Charter essentially wants to buy Liberty Broadband at a discount to its estimated net asset value while Liberty Broadband wants the full value -- Barron's estimates that the company's asset value was around $96 a share on Monday.
Wolfe Research's Supino wrote that if a deal is consummated that it would be a "win-win" for both companies. It would be a bigger win for Liberty Broadband since the discount to asset value at which the stock has long traded would be greatly or entirely erased.
Charter is apt to argue that its proposal is fair because it offers a big premium to Liberty Broadband's depressed share price, and provides a benefit to Charter holders, as well. Charter would effectively retire some shares because the company would issue fewer shares to Liberty Broadband than it would get in the deal. Liberty Broadband owns 45.6 million Charter shares, according to Charter's filing this morning outlining its proposal.
Investors appear to be betting that the two companies can meet in the middle and reach a deal. Charter remains the logical buyer of Liberty Broadband.
Liberty Broadband has some special governance rights that would go away after the deal.
Investors have long anticipated that Charter would make an offer at some point for Liberty Broadband but many thought a potential deal could be a few years away.
"Everybody knows the endgame is to combine with Charter," Christopher Marangi, a senior portfolio manager at Gamco Investors told Barron's in July . "There is no tax or other barrier to combining the two companies. The question is when." Unlike other Liberty entities, Liberty Broadband is an independent company and not a tracking stock. That facilitates any deal.
Barron's wrote favorably on Liberty Broadband in that July cover story on Malone, arguing it was a cheap play on Charter that could benefit from a closing of the big discount including a deal.
The big discount befuddled many investors including Marangi, and appeared to reflect investors' doubts about an imminent deal and what Marangi called investor "fatigue" with parts of the Liberty empire that are proxies for other companies.
The potential combination would be a win for Malone, 83, who engineered a recent deal that combined Liberty Sirius XM with Sirius XM Holdings.
Many Malone watchers have expected him to resolve or clean up parts of his empire now that he is in his early 80s. Liberty is a longtime holder of Charter, and Malone is close to Charter management.
The deal would close on July 30, 2027, under both proposals although an earlier date could be negotiated. It's unclear why there's now such a long proposed time -- three years from now -- to the closing date.
Some investors including Marangi think that Malone may move to sell Atlanta Braves Holdings, which owns the baseball team, in the coming year. That could boost the Braves stock, now trading at around $40.
Liberty Broadband is controlled by Malone through ownership of supervoting class B shares that each carry 10 votes -- a structure common with other Liberty entities. Malone owns about nine million shares of Liberty Broadband, a roughly 6% economic stake, but with a voting power of close to 50%.
Both proposals require the approval of a majority of shareholders unaffiliated with Malone.
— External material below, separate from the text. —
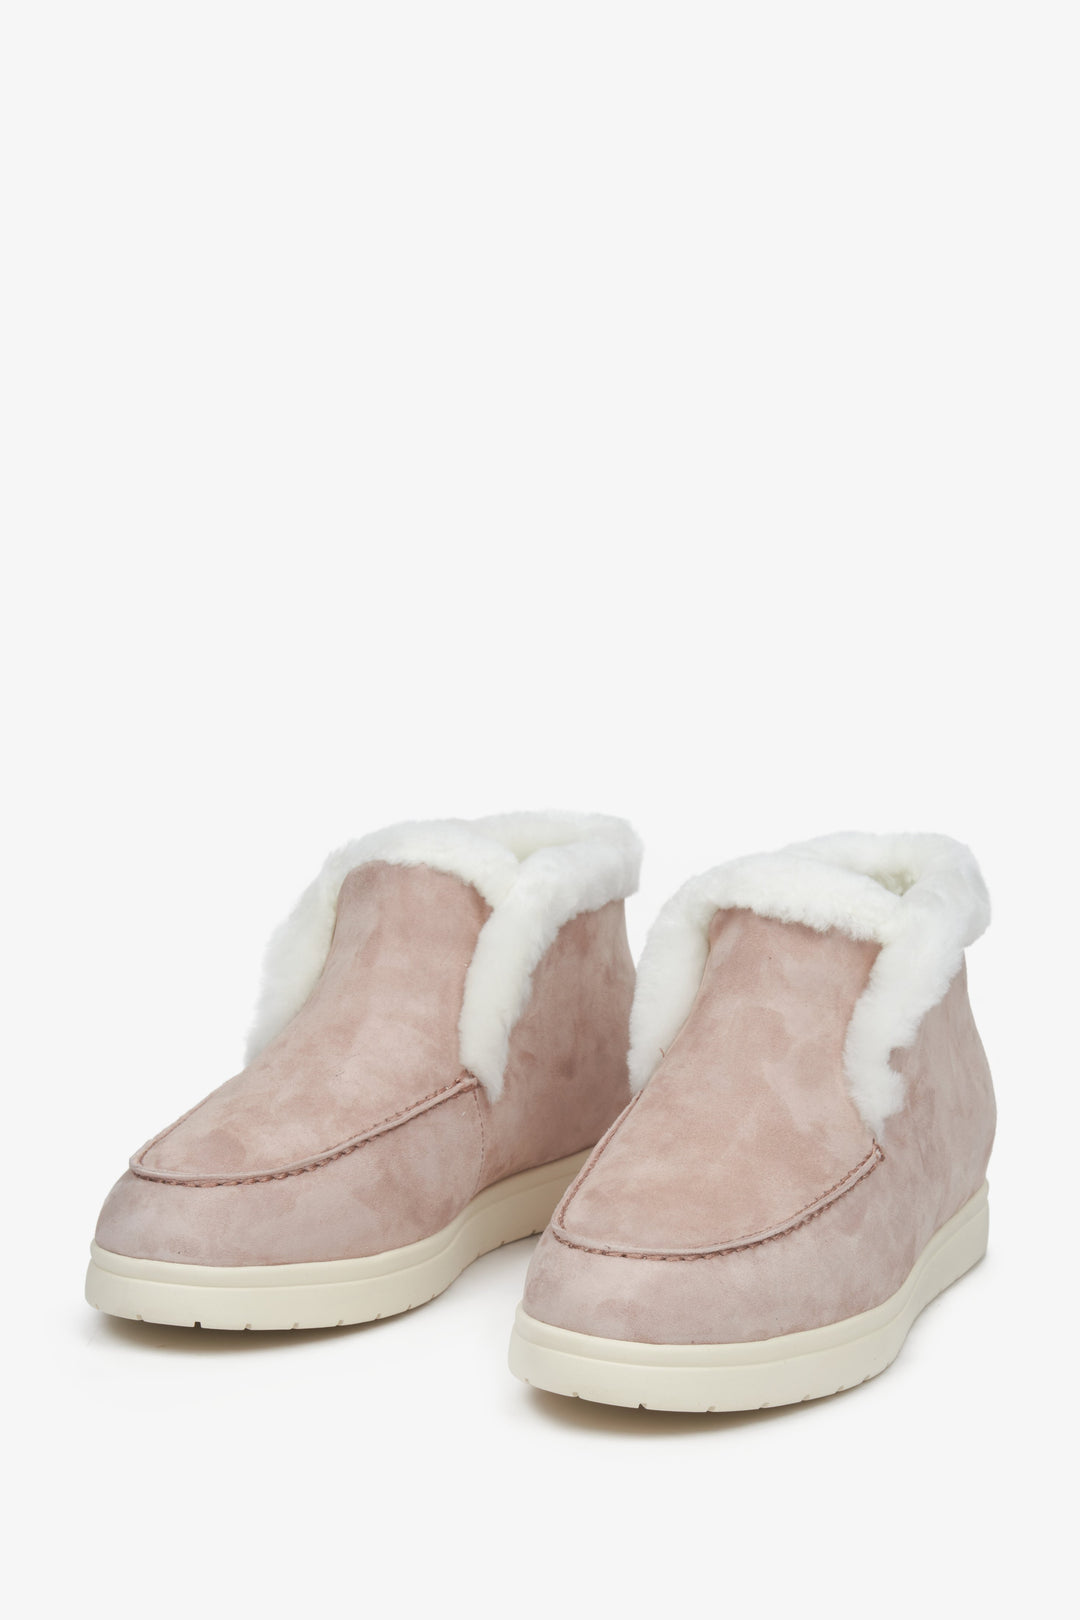 Damskie mokasyny zimowe w kolorze różowym z weluru i skóry naturalnej Estro - przednia część buta.

It's notable that Malone wouldn't get a premium for his supervoting class B stock in either proposal -- which is the same as what occurred in the Liberty Sirius deal.
These are shareholder-friendly moves to all Liberty Broadband holders and contrast with the situation at Paramount Global where holders of the voting stock, notably the Redstone family, negotiated a premium for their stock.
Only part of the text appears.